** EXERCISE PROMPT **
When you find the line with "Spider-Man Remastered recebe" among the records below, reproduce it and each line after it exactly, ending with the line with "plakat-honigfest-a3-17.05".

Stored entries
--- START ---

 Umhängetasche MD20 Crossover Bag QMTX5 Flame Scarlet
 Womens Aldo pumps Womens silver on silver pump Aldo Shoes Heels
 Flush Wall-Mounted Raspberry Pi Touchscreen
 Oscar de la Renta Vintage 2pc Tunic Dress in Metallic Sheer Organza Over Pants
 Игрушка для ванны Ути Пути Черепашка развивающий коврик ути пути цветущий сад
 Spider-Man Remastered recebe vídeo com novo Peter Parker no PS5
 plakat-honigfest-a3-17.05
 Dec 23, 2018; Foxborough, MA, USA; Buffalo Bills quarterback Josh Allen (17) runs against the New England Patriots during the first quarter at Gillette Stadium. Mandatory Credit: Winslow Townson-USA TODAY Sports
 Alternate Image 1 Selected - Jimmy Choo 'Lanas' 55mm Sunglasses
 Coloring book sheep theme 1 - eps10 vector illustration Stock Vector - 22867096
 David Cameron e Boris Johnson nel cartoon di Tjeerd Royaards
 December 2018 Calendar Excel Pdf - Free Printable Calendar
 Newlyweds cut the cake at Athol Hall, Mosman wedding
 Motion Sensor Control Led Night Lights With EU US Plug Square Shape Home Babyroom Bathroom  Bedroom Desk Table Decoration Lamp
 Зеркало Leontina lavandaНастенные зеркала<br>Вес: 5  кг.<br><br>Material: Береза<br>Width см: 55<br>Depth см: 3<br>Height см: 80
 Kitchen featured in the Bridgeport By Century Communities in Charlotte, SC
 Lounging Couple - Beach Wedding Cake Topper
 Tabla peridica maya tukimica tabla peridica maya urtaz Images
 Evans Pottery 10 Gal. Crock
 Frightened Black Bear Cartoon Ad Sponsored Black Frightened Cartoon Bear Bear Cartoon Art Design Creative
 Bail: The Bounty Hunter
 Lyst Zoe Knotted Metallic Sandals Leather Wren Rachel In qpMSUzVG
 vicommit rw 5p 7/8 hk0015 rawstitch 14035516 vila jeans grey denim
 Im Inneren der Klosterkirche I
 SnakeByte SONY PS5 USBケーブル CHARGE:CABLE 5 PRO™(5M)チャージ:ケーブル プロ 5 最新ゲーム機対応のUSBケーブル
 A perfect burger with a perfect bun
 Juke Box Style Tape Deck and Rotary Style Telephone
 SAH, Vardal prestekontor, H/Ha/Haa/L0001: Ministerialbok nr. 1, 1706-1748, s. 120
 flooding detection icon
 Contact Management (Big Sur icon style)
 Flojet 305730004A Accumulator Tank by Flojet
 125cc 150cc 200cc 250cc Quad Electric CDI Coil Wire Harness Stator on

--- END ---

** SOLUTION **
 Spider-Man Remastered recebe vídeo com novo Peter Parker no PS5
 plakat-honigfest-a3-17.05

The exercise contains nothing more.